At His Majesty’s Treasury, it’s all looking a bit like Year Zero in revolutionary Cambodia. Kwasi Kwarteng’s first act was to sack the respected but ‘orthodox’ permanent secretary Sir Tom Scholar. Now the FT reports the Chancellor ordering underlings to focus ‘entirely on growth’, presumably at the expense of financial discipline. I’m picturing a locked basement of fearful officials labouring under Kwarteng’s lash to translate his forthcoming ‘fiscal event’ – tax cuts on top of massive spending to cap energy bills and unlimited borrowing to pay for it – into the sort of Whitehall language that might make it sound reasonable.

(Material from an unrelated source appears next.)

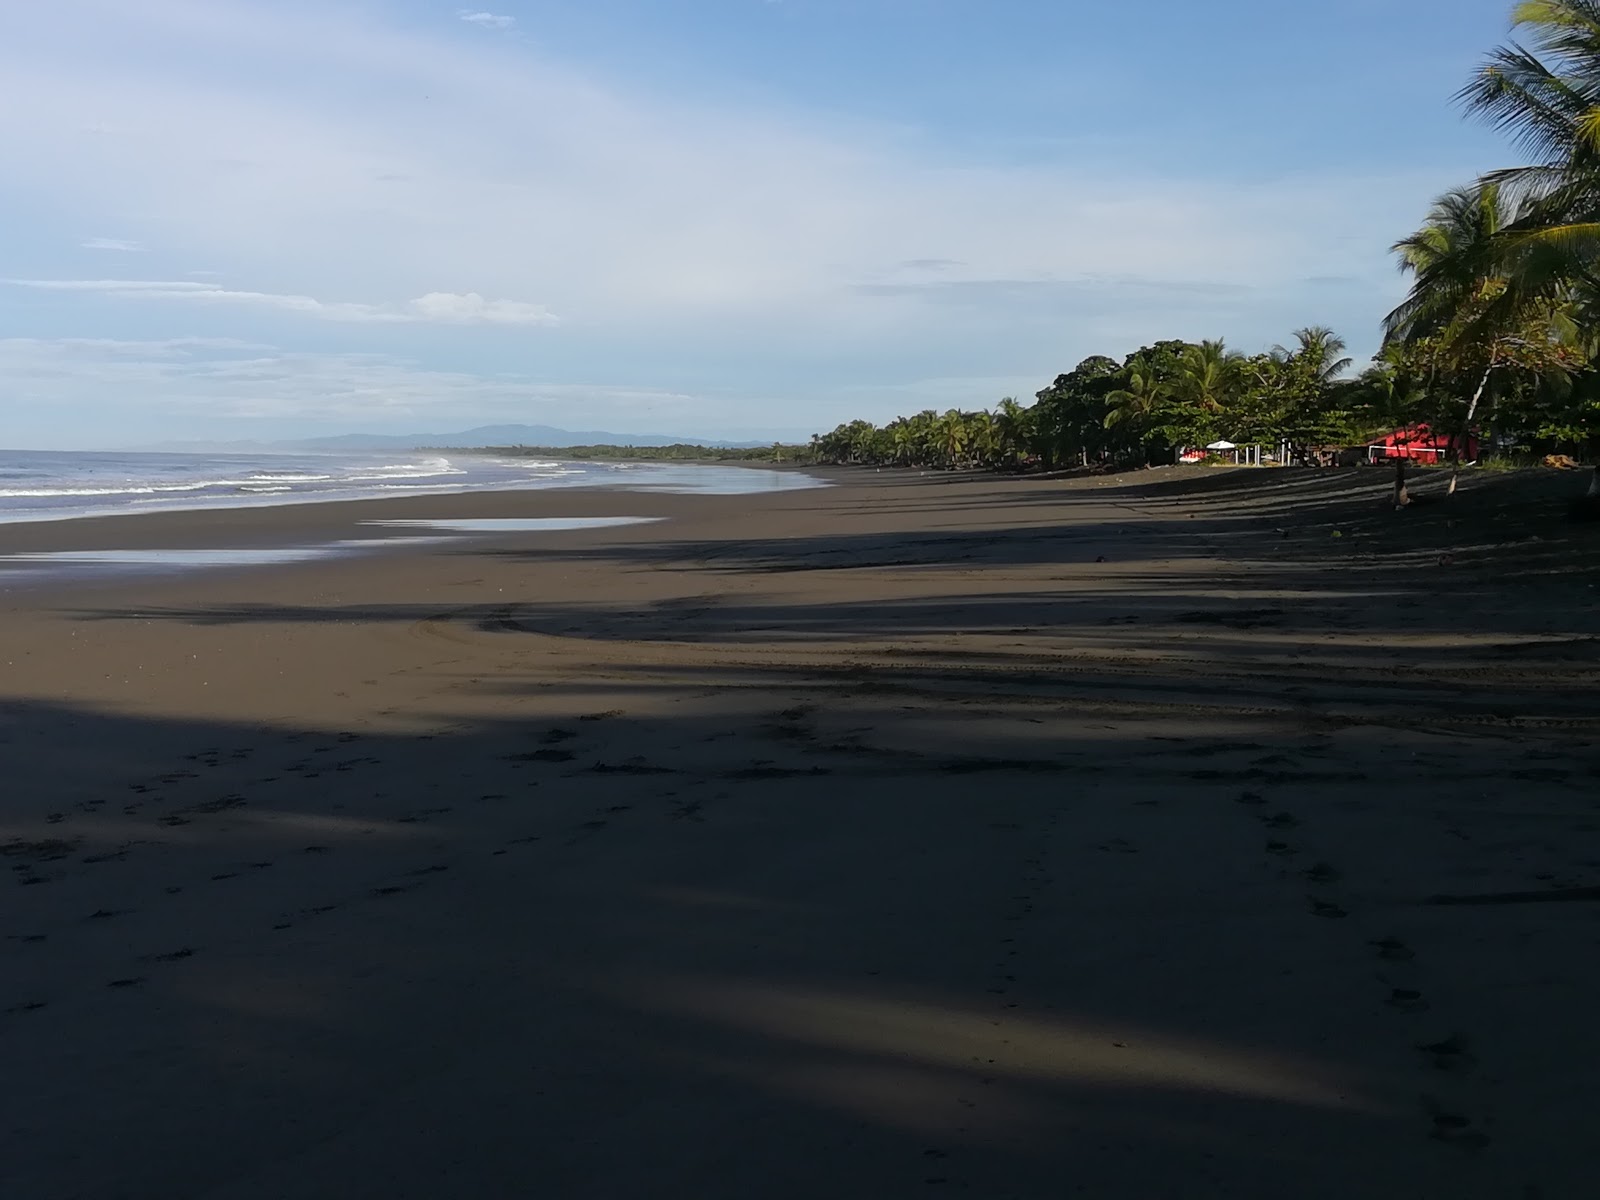 Zdjęcie Playa Quepos z powierzchnią jasny piasek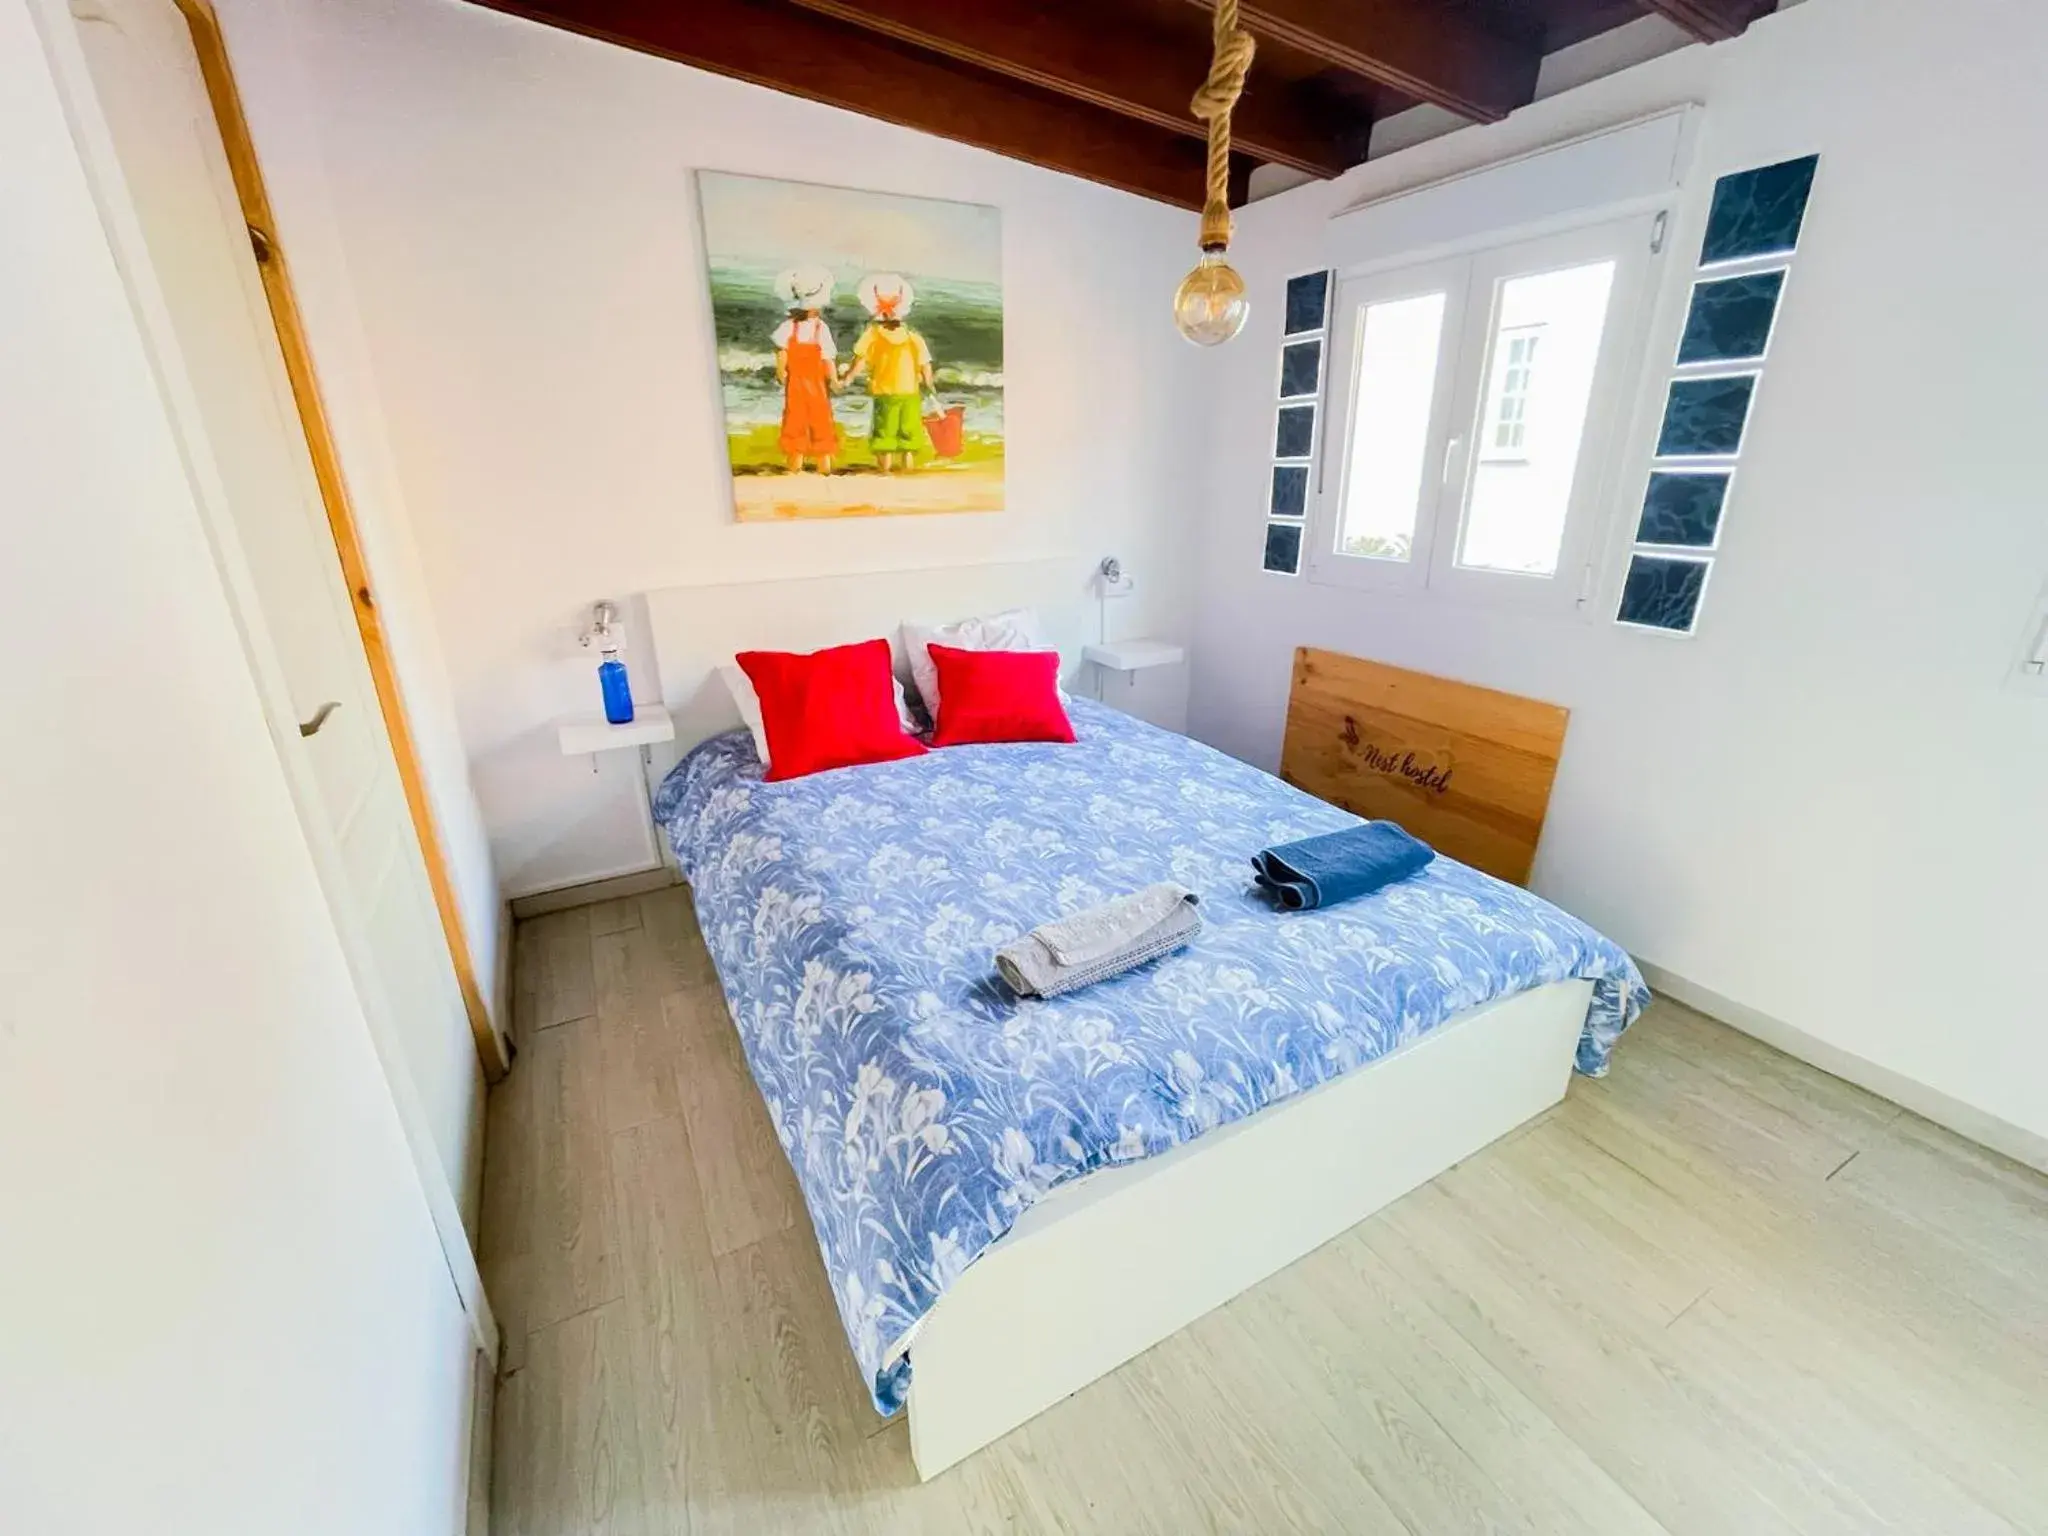 Bed in Puerto Nest Hostel

Meanwhile, businesses large and small remain completely in the dark as to the detail and value of the government’s promised six-month energy-subsidy scheme. History will one day judge whether the Truss-Kwarteng economic revolution changed Britain for the better, or simply fizzled out. But in the short term, all that matters is efficient execution of measures to avert fuel and food poverty, widespread civil unrest and a tsunami of bankruptcies this winter. Action please, not gestures and slogans.
Rethinking the City
To the Old Bailey to meet Sheriff Nick Lyons, who succeeds as Lord Mayor in November, having defeated a botched aldermanic conspiracy to knock him out on grounds of his Irish citizenship. A former banker who sits on several insurance company boards, Lyons says the City doesn’t want the Truss government to dilute the Bank of England’s independence, nor does it want ‘a bonfire of regulations’. But it would welcome a shift in tone at the Prudential Regulation Authority in particular – in tune with Kwartengism – towards recognising ‘competitiveness’ as an objective alongside balance-sheet strength.
The PRA still applies EU-derived solvency rules for insurers and pension institutions which, he says, makes it difficult for them to invest in or lend to long-term infrastructure projects – hence desperate calls for foreign money to back new UK nuclear power stations.